O UFC Freedom 250, que foi fisicamente e emocionalmente desgastante para a equipe, reforçou o compromisso da organização em oferecer eventos de qualidade. Em relação a essa maratona de produções, White revelou que sua equipe está necessitando de um período de recuperação. A pressão e a intensidade dos eventos do UFC geram um turbilhão de emoções e desafios, tanto para os lutadores quanto para a equipe organizadora.
Outra questão que surgiu e que atraiu atenção foi a mudança na forma como as classificações dos lutadores serão divulgadas. White confirmou que, a partir de agora, tanto classificações humanas quanto não-humanas serão utilizadas. Essa abordagem dual, segundo ele, poderá oferecer uma visão mais aprofundada sobre o desempenho dos lutadores. “Esperamos que esta nova metodologia atraia debates e discussões que são saudáveis para o crescimento da nossa organização", comentou White, adicionando que as novas classificações devem entrar em vigor já na próxima segunda-feira.
Além disso, o presidente do UFC não pretende deixar que apenas algoritmos decida as classificações. "Ambas as abordagens podem falhar, mas acreditamos que essa nova fórmula irá nos aproximar de uma representação verdadeira do cenário atual", disse ele. A esperança de que essa estreia ao longo do primeiro ano seja um sucesso também é palpável na fala de White, que se mostra cautelosamente otimista.
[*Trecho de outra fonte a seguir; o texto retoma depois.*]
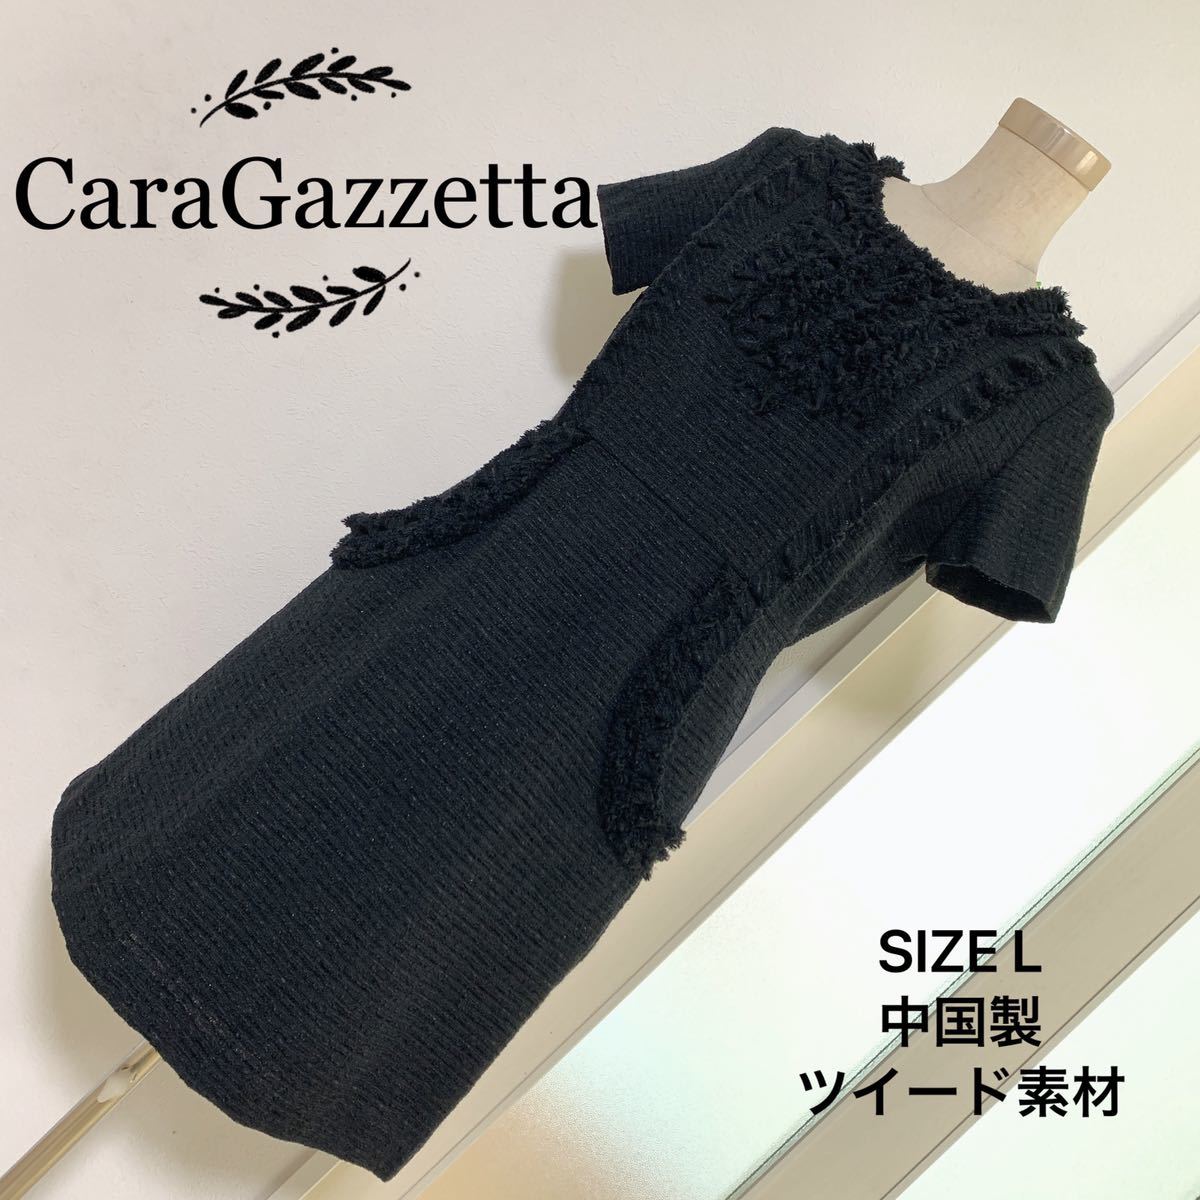 激安/新作 CaraGazzetta ワンピース ツイード素材 Lサイズ

Dessa forma, o UFC segue não apenas como uma das organizações líderes de artes marciais, mas também como um influente ator no cenário midiático. Com um foco inabalável em crescimento e inovação, o UFC não apenas conquista fãs mundo afora, mas também redefine o modo como o conteúdo esportivo é consumido na atualidade. A era do MMA está mais viva do que nunca, e eventos como o Vegas 119 apenas solidificam essa posição.
Em suma, o UFC continua em sua trajetória de crescimento, explorando novas dimensões na mídia e na gestão de talentos. O caminho está repleto de desafios, mas também de oportunidades que podem moldar o futuro do esporte como um todo. À medida que a organização avança, o mundo do MMA e o panorama da mídia esportiva assistirão, ansiosos, ao desenrolar desse drama emocionante. Com cada luta, cada acordo e cada mudança, a história do UFC está longe de chegar ao fim; pelo contrário, está apenas começando a ser escrita.